• Input data:
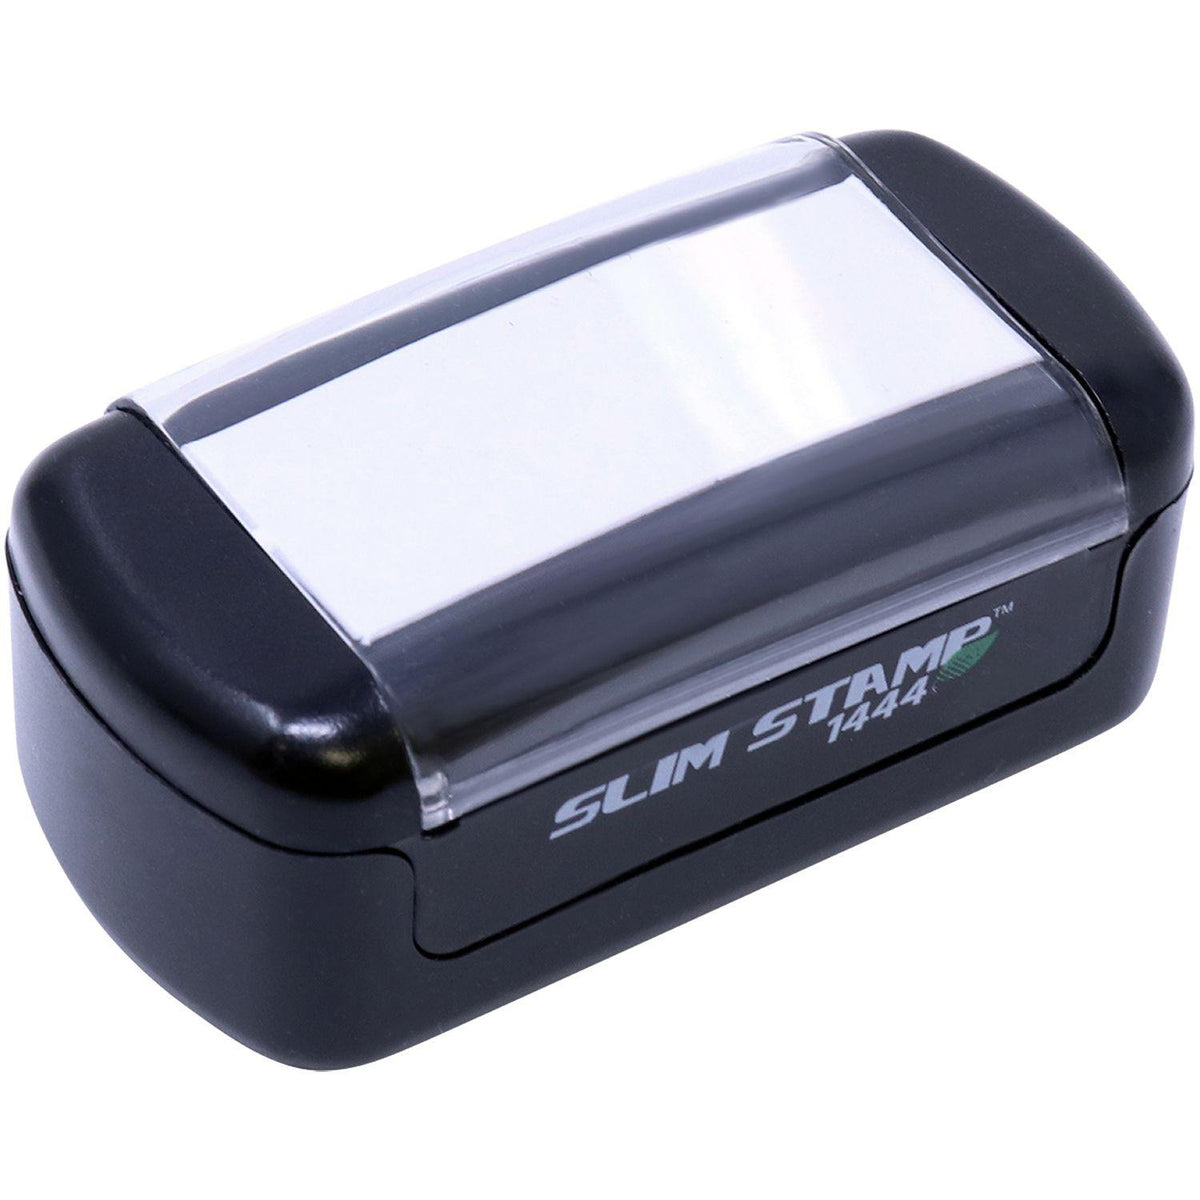 Slim Pre Inked Balanced Stamp - Engineer Seal Stamps - Brand_Slim, Impression Size_Small, Stamp Type_Pre-Inked Stamp, Type of Use_Finance
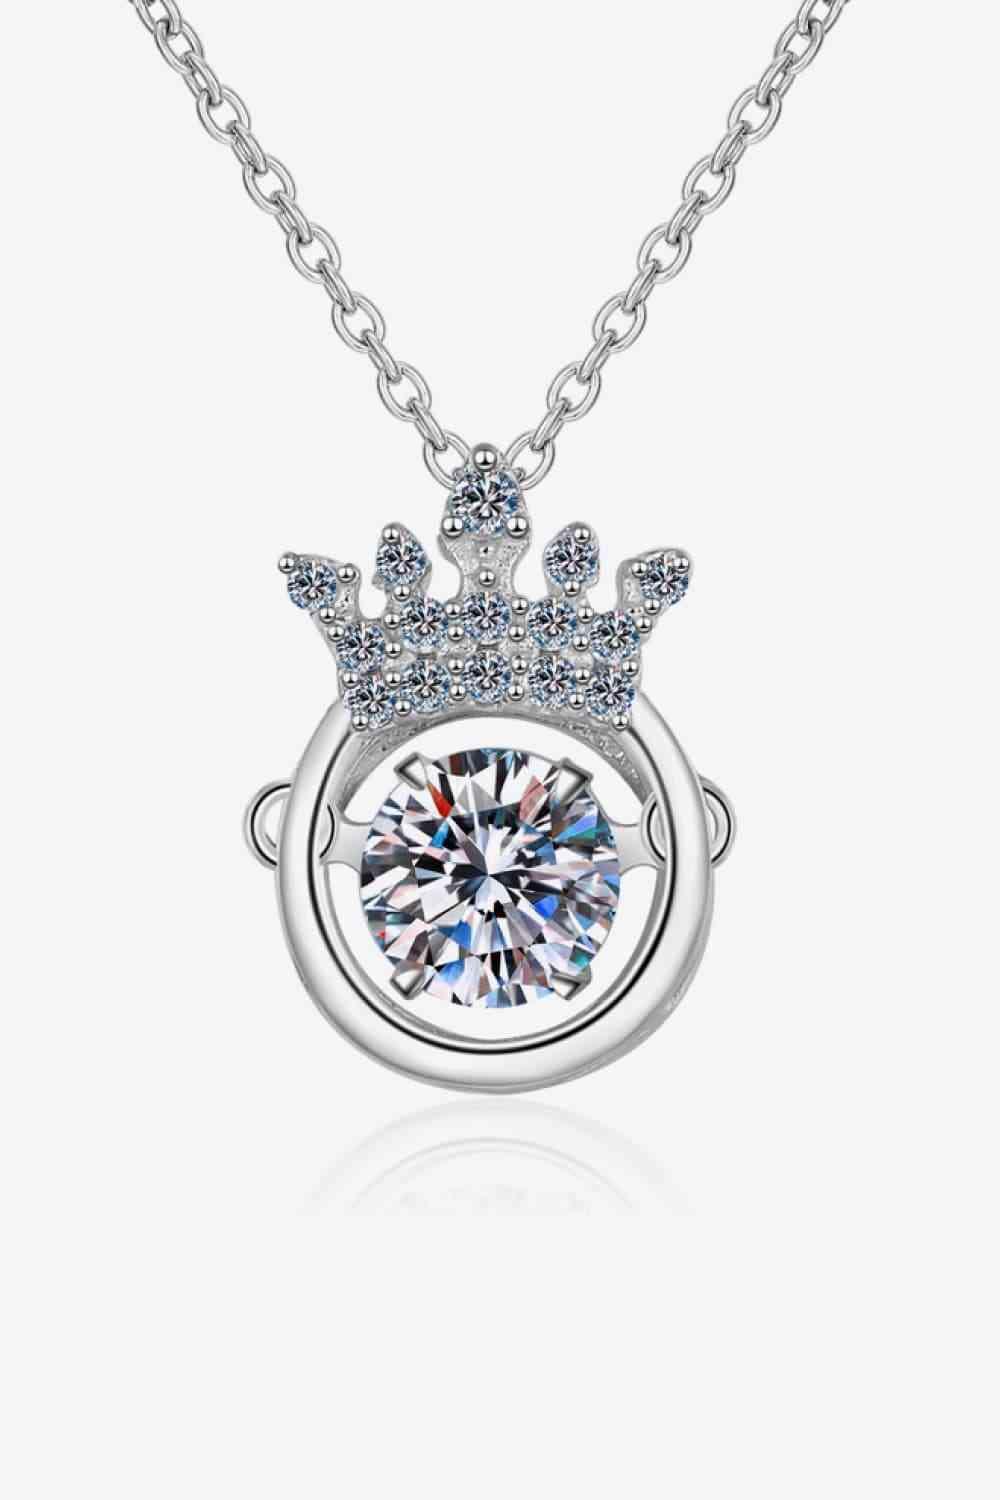 a necklace with a crown on top of it
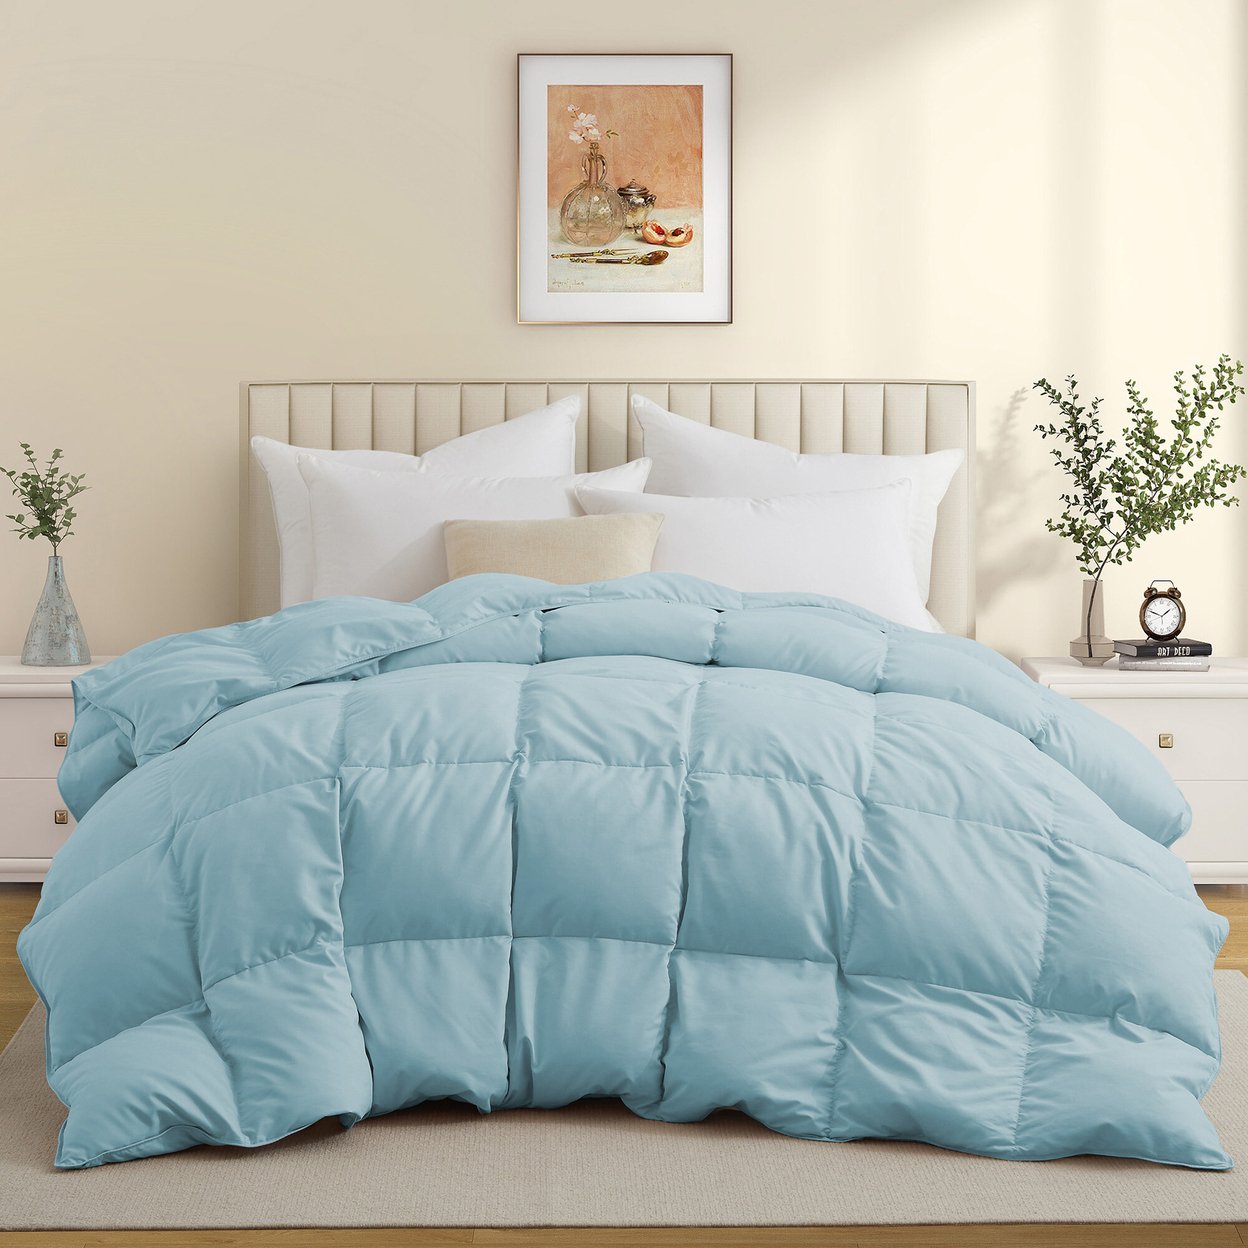 Premium All Seasons White Goose Feather Fiber And Down Comforter - Winter Sky, Full/Queen

• Action item:
Exactly the lines from the one containing "a necklace with a crown on top of it" through the end of the data above: repeat those, both ends included, and nothing else. Skip the pictures.

• Problem solution:
 a necklace with a crown on top of it
 Premium All Seasons White Goose Feather Fiber And Down Comforter - Winter Sky, Full/Queen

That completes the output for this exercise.